The embankment being completed, the animals construct their lodges. Fragments of wood, deprived of the bark, are arranged and united by clay or mud which the Beavers take from the riverside, transport, mix, and work with their fore-paws. During a single night they can collect as much mud at their houses as amounts to some thousands of their small handfuls. They thus plaster their houses with mud every autumn; in the winter this freezes as hard as a stone and protects them from enemies. These cabins form domes from three to four metres in diameter at the base, and from two to two and a half metres in height. The floor is on a level with the surface of the artificial pond. A passage sinks in the earth and opens about one and a half metres below the level of the water, so that it cannot be closed up by ice during the severe winters of these regions.

Within, near the entry, the beavers form, with the aid of a partition, a special compartment to serve as a storehouse, and they there pile up enormous heaps of nenuphar roots as provisions for the days when ice and snow will prevent them from barking the young trunks.

A dwelling of this kind may last for three or four years, and the animal here tranquilly enjoys the fruits of its industry, as long as man fails to discover the retreat; for the beaver can escape by swimming from all carnivorous animals excepting, perhaps, the Otter. During floods the level of the water nearly reaches the hut; if the inundation is prolonged and the animal runs the risk of being asphyxiated beneath his dome, it breaks through the upper part with its teeth and escapes. When the water returns to its bed the beaver comes back, makes the necessary repairs, and resumes the usual peaceful course of its life.[109]

We have thus seen, from a shapeless hole to these complex dwellings, every possible stage; we have found among animals the rudiments of the different human habitations, certain animals, indeed, having arrived at a degree of civilisation which Man himself in some countries has not yet surpassed, or even indeed yet attained.

CHAPTER VII.
THE DEFENCE AND SANITATION OF DWELLINGS.

GENERAL PRECAUTIONS AGAINST POSSIBLE DANGER — SEPARATION OF FEMALES WHILE BROODING — HYGIENIC MEASURES OF BEES — PRUDENCE OF BEES — FORTIFICATIONS OF BEES — PRECAUTIONS AGAINST INQUISITIVENESS — LIGHTING UP THE NESTS.
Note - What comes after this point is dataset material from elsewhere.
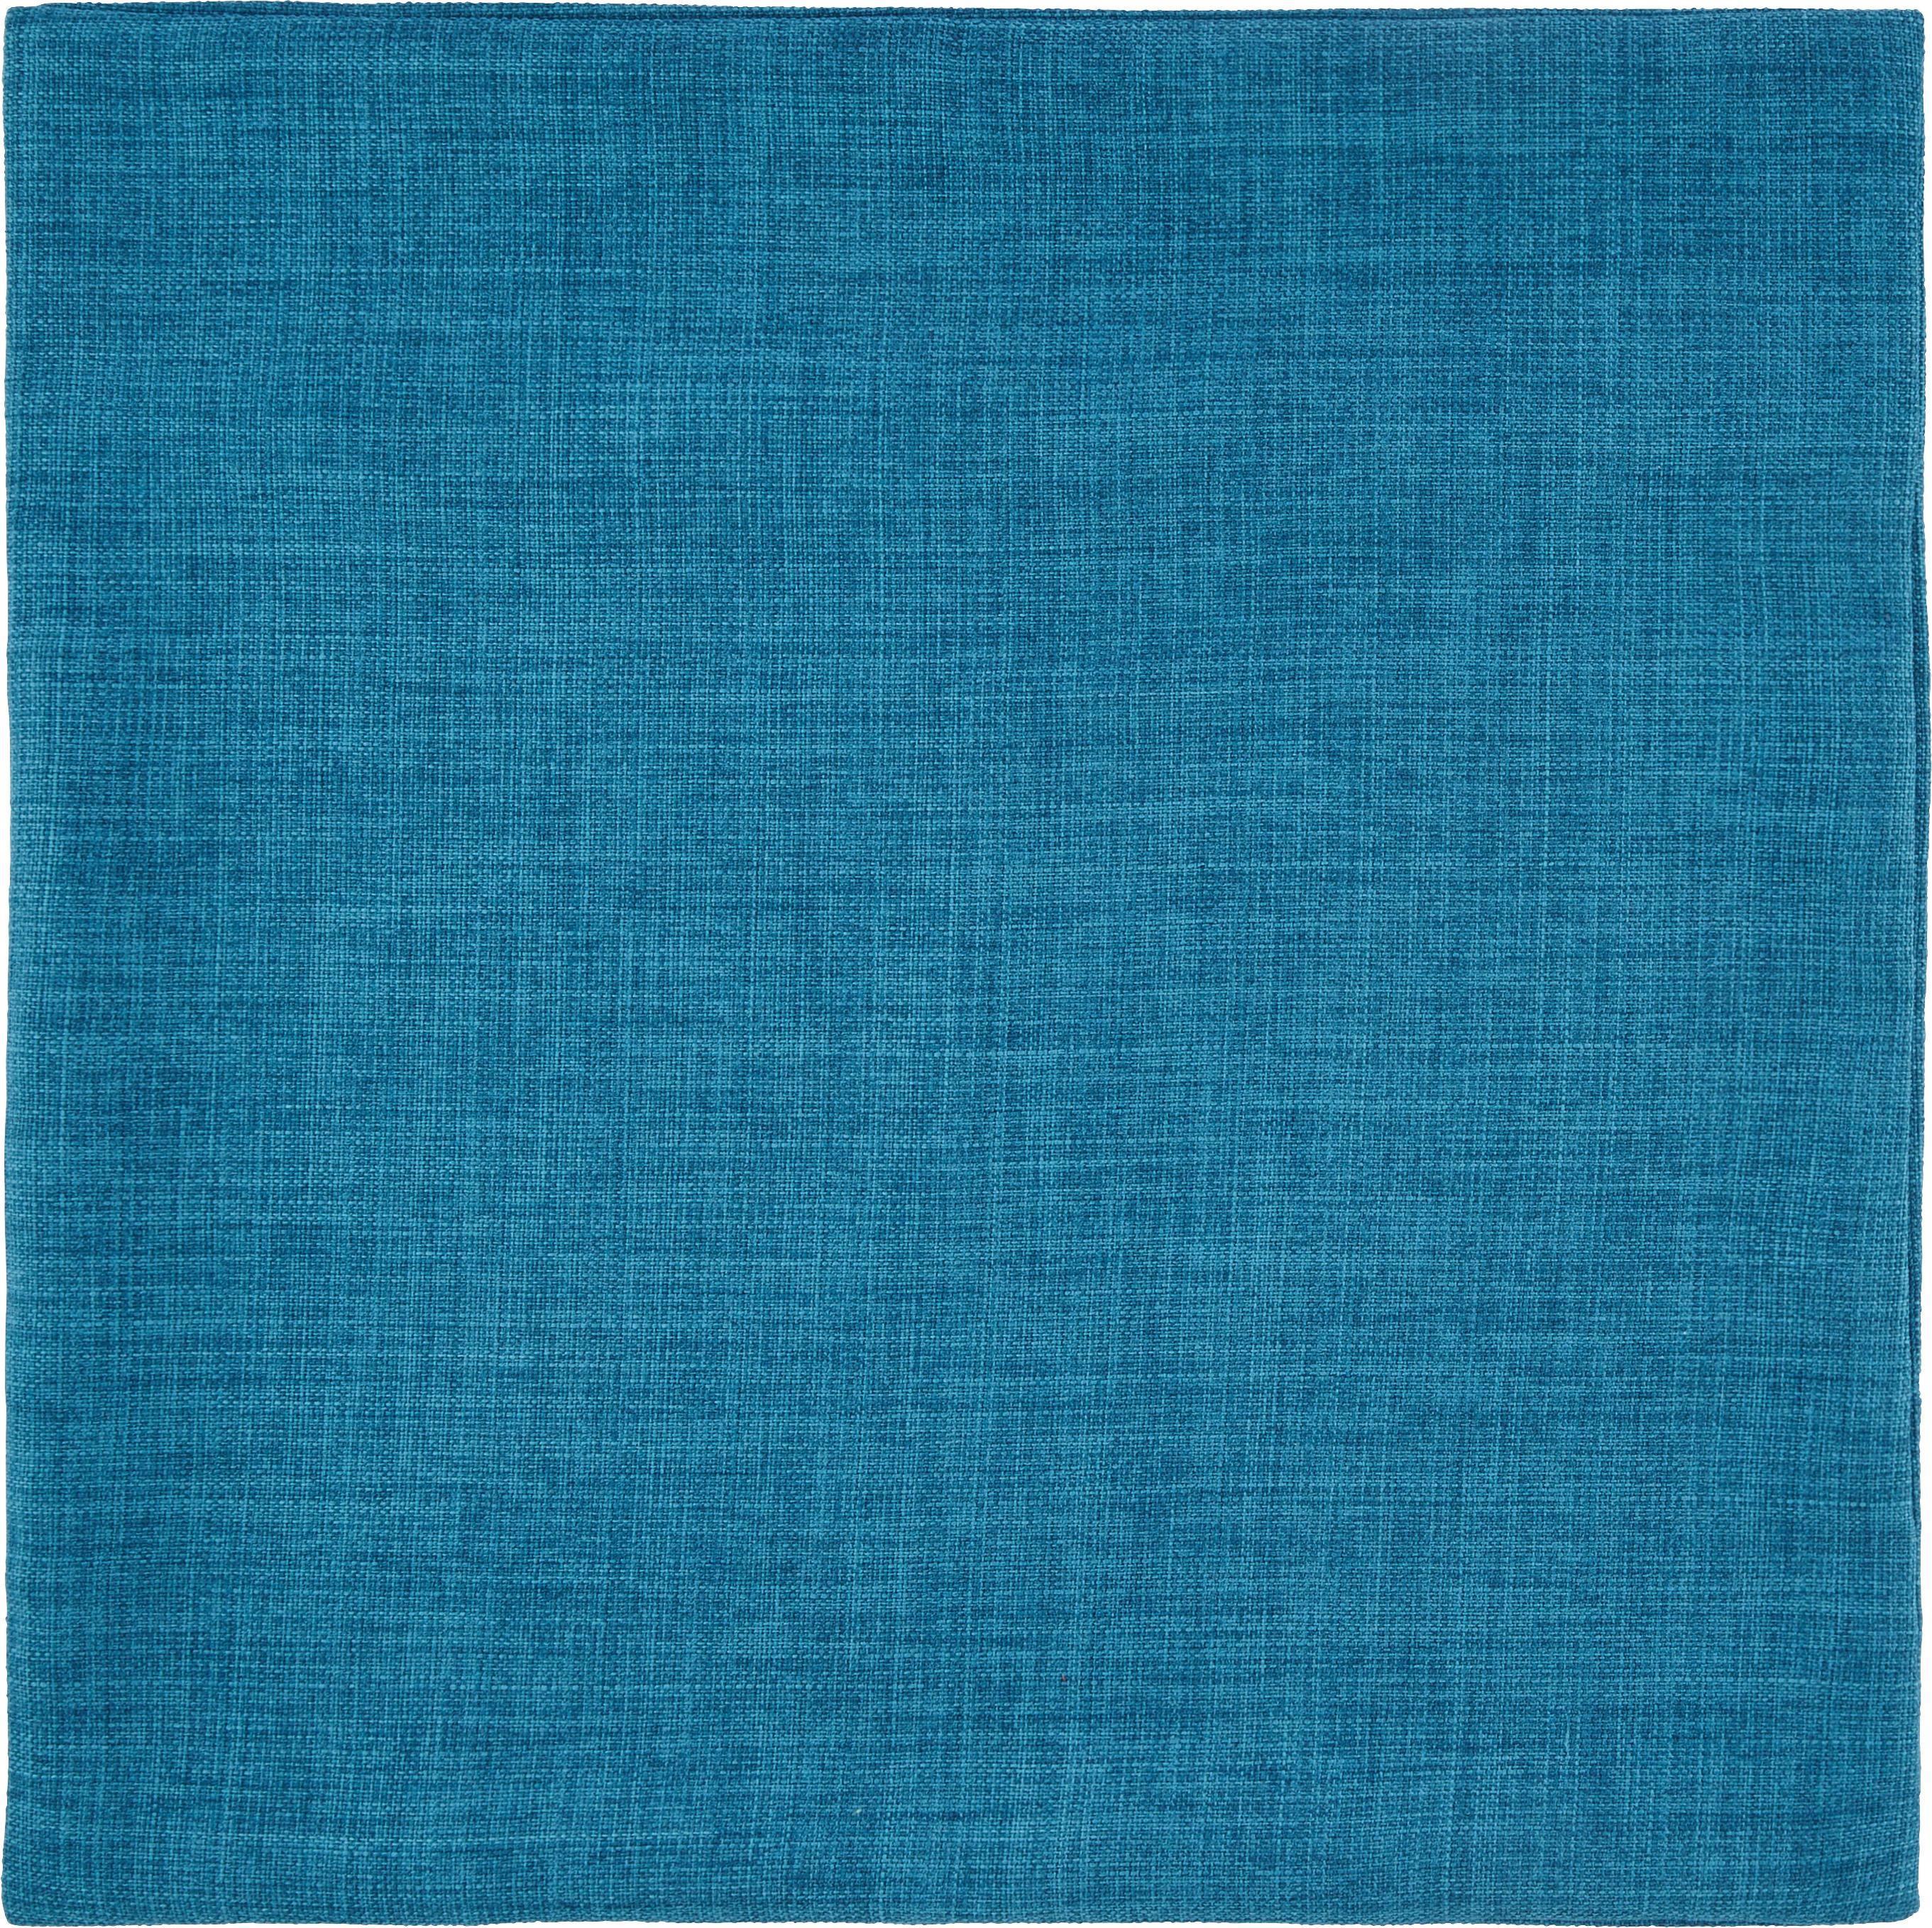 Párnahuzat Leinenoptik - türkiz, konvencionális, textil (50/50cm) - MÖMAX modern living

The building of comfortable dwellings is not the last stage reached by the industry of animals. There are among them some who show genuine skill in rendering them healthy and defending them against invasions from without.

General precautions against possible danger. — Some animals show, even during the construction of the nest, extreme prudence in preventing its site from being discovered. Several authors refer to the stratagem of the Magpie, who begins several nests at the same time; but only one is intended to receive the brood, and that only is completed. The aim of the others is merely to distract attention. It is around these latter that the bird shows ostentatious activity, while it works at the real nest only for a few hours during the day, in the morning and evening.

The Crane takes equally ingenious precautions in order that its constant presence at the same spot may not arouse suspicion. It never comes or goes flying, but always on foot, concealing itself along tufts of reeds. De Homeyer even reports that the female at the time of laying covers her wings and back with mud. When dried this gives the animal a red tone, which causes it to be confused with neighbouring objects; this is intentional mimicry.